The data presented in Fig. 4 are also applicable to other radar-based height measurements (e.g., height of maximum reflectivity, cloud top, storm base, etc.). It is important to note that when the 30-dBZ echo tops are located in regions of high gradients of uncertainty, small horizontal changes in the location of the cell can lead to large changes in the measured echo-top height. For example, a cell with 30-dBZ echo top of 10 km at 55-km range when scanned by a WSR-88D operating in VCP-21 (see Fig. 4a) will have a measured storm top of almost exactly 10 km. However, if the storm-top height remains constant and the cell’s range increases just enough so that the 9.9° elevation scan does not detect the 30-dBZ echo, the next radar volume scan would indicate that the 30-dBZ echo top has fallen to about 6 km. The trend of the echo-top height derived from the two consecutive volume scans would indicate a rapidly decreasing storm top; whereas, in this simple example the actual top of the 30-dBZ echo would not have changed. Operating the WSR-88D in the VCP-11 mode greatly diminishes the magnitude of the uncertainty inherent in the measurement of “heights.” It is important that the user of the operational radar system understand the magnitude of the inherent uncertainties in height measurements; however, the user also needs to understand that the horizontal movement of cells can produce large “trends” that may or may not be caused by actual storm evolution.

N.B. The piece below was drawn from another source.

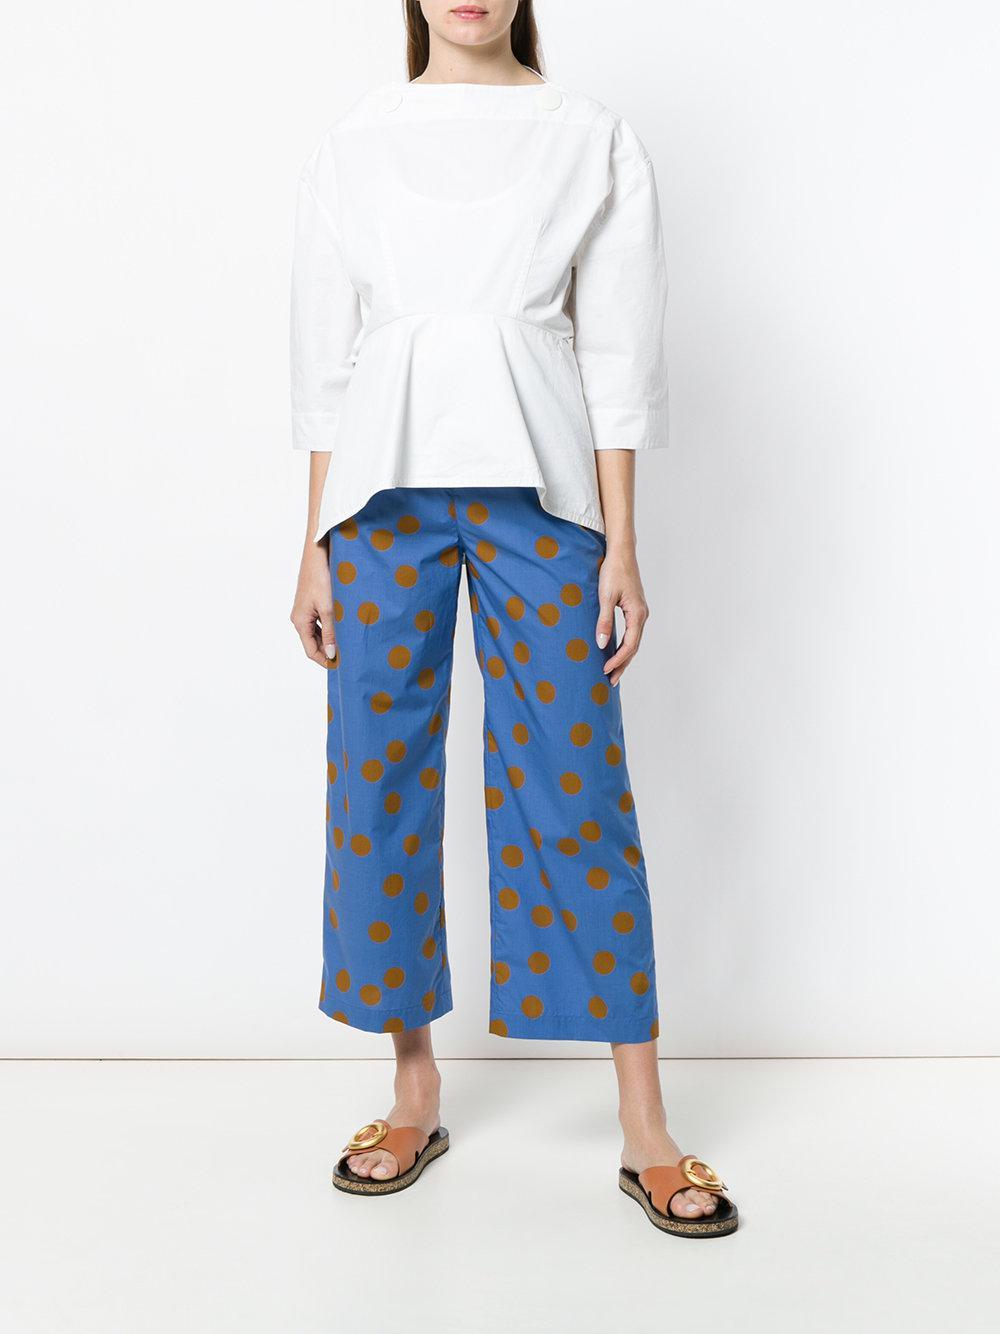 Pantalón Lyst lunares de Aspesi azules HwAU8TqHg
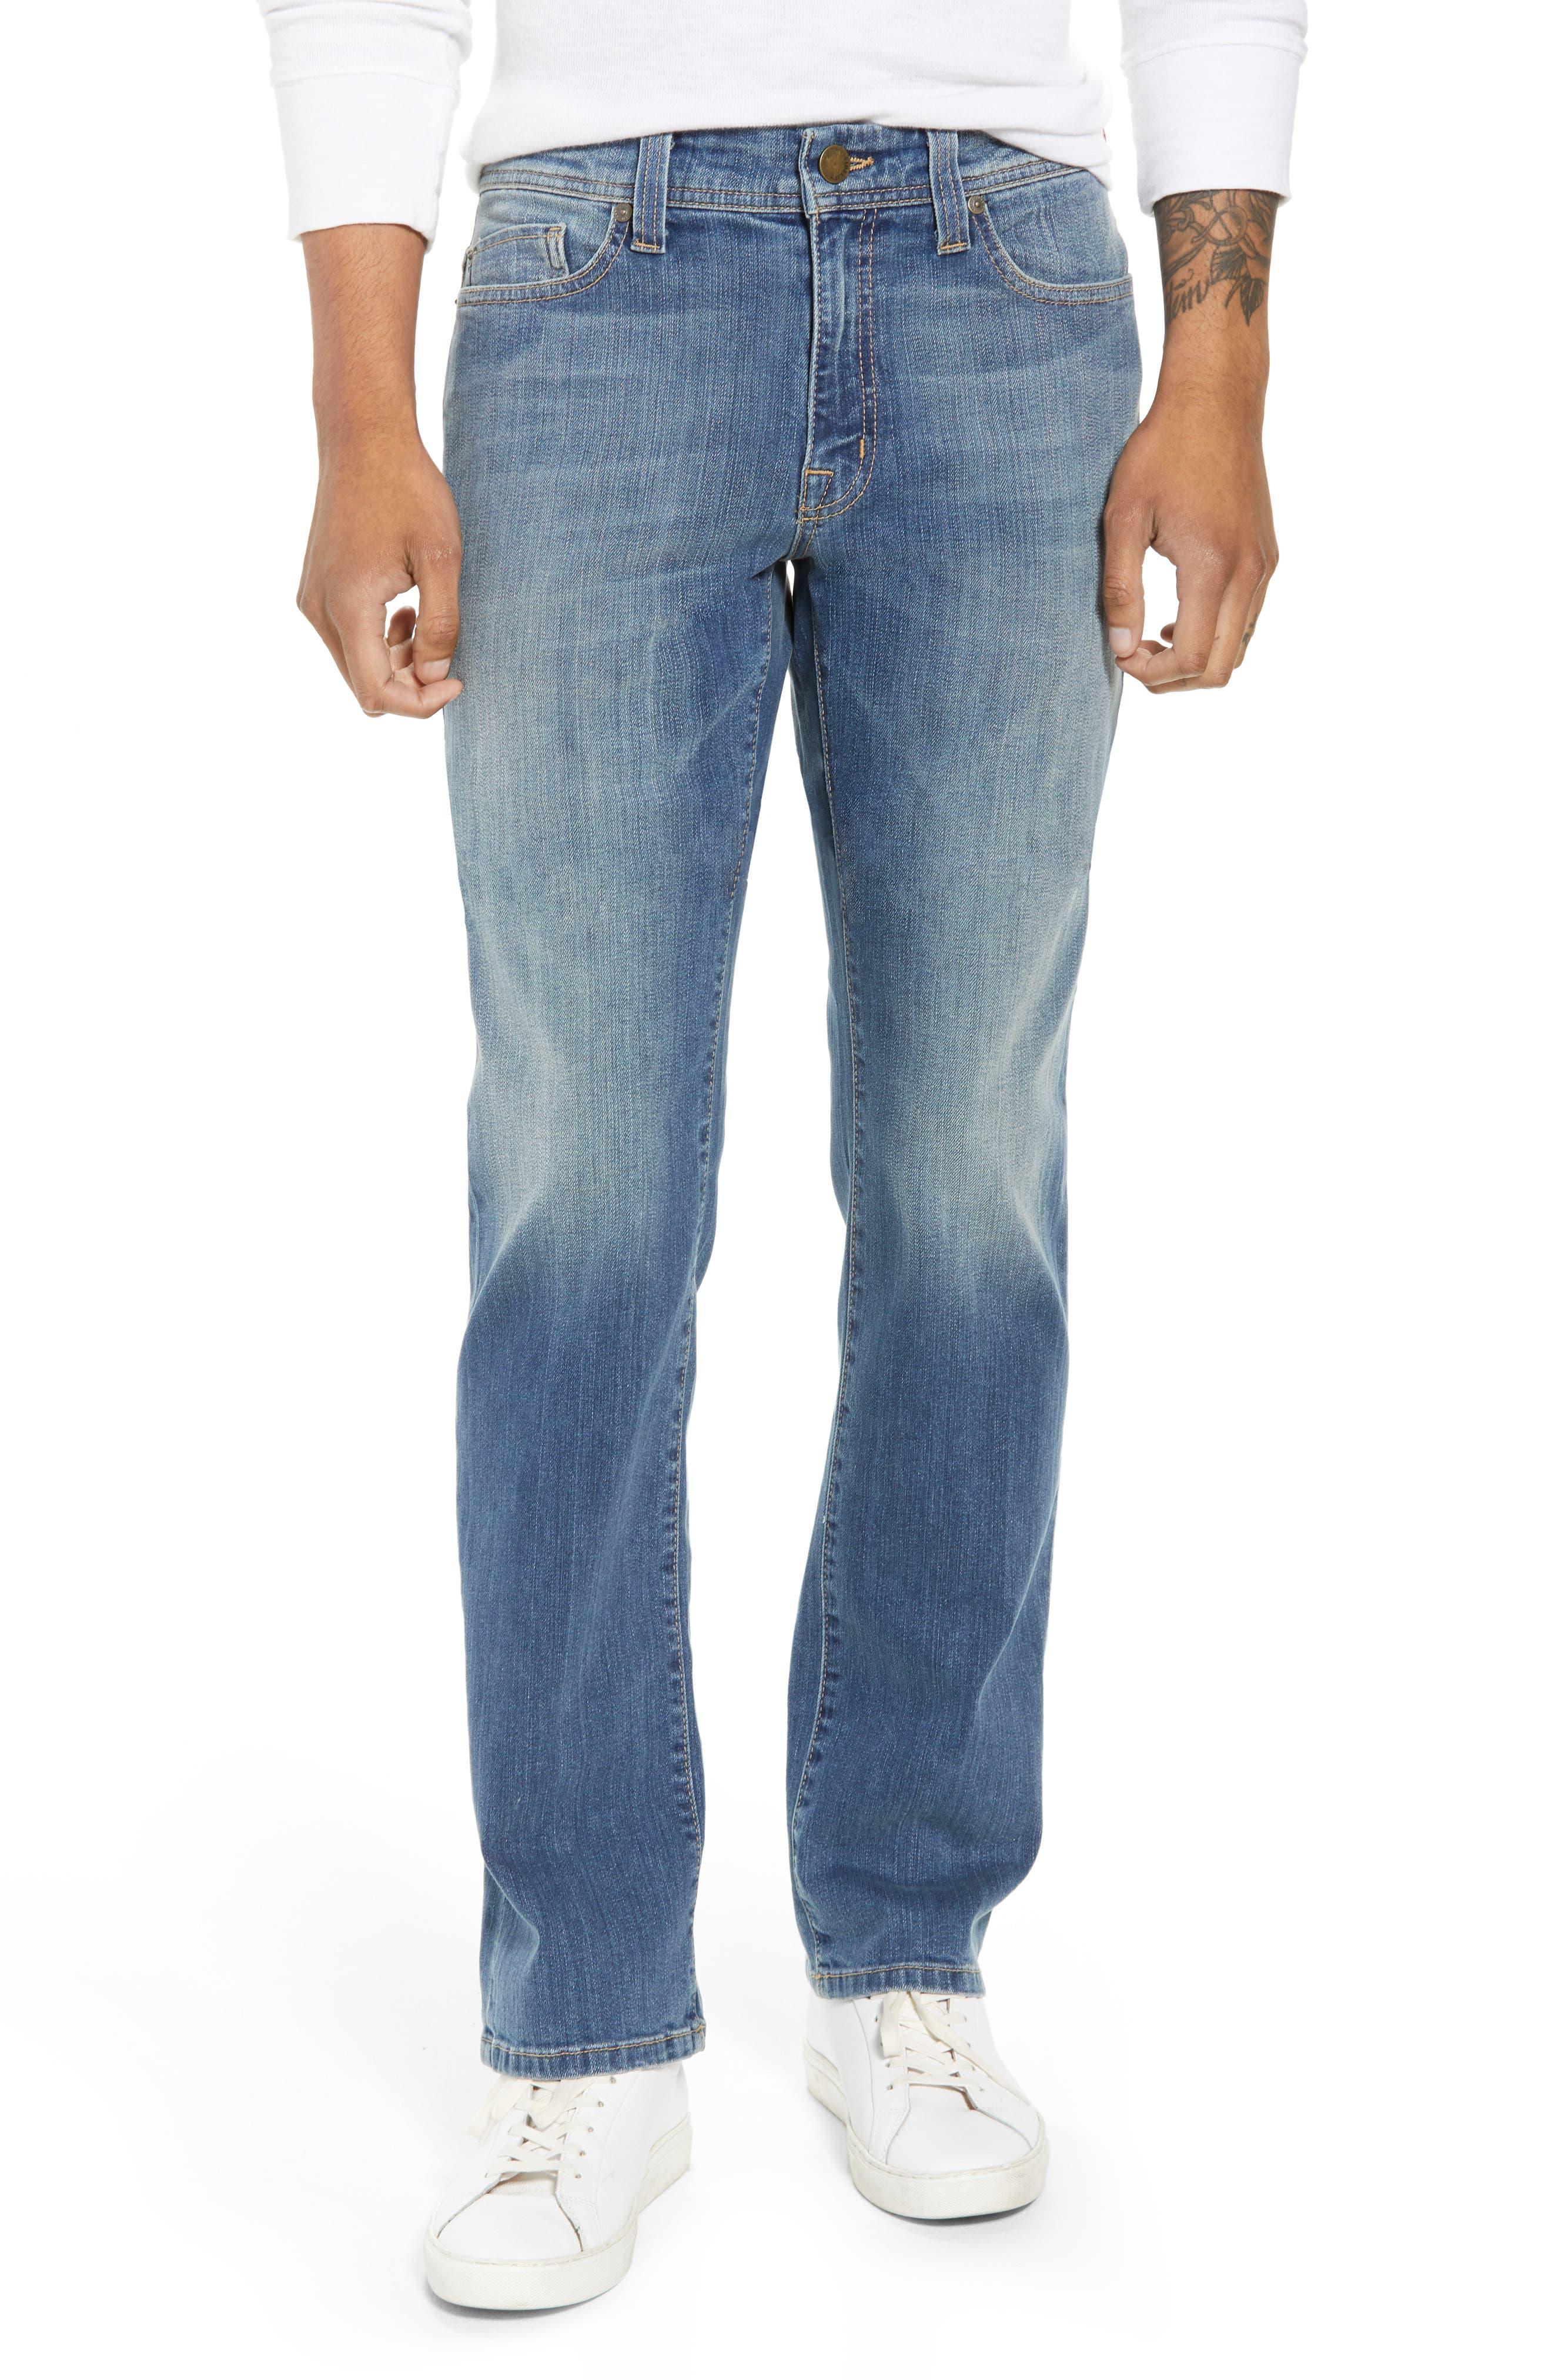 Jimmy Slim Straight Leg Jeans,                             Main thumbnail 1, color,                             SYNDICATE BLUE

A simple computer program was used to simulate idealized thunderstorm life cycles and the radar depiction of the idealized storm as measured by the WSR-88D. We used this process to examine the evolution of the maximum height of the 30-dBZ core as detected by two of the operational WSR-88D scanning modes (VCP-11 and VCP-21). The program computes the differences of “radar-observed” heights versus actual heights of the idealized 30-dBZ core top. The program provides a simple way to assess the inherent uncertainties of the WSR-88D radar-observed 30-dBZ core height (remember that this attribute is defined as the “storm top”). To assess the WSR-88D’s limitations to detect storm top and associated trend, we varied, within our simple model, storm cell duration, storm cell distance from the radar, and storm cell maximum top height.

The storm-top height of the model cell is determined using the following assumptions: 1) the 30-dBZ core fills at least half the depth of the beam volume, 2) the storms are occurring in a standard atmosphere (i.e., index of refraction = 1.33), 3) storm-top height above ground level includes effects of earth curvature but ignores local terrain variability, 4) there are no local terrain features that block the lowest elevations, and 5) there are no data ambiguities due to “second trip echoes,” attenuation, or sidelobe contamination.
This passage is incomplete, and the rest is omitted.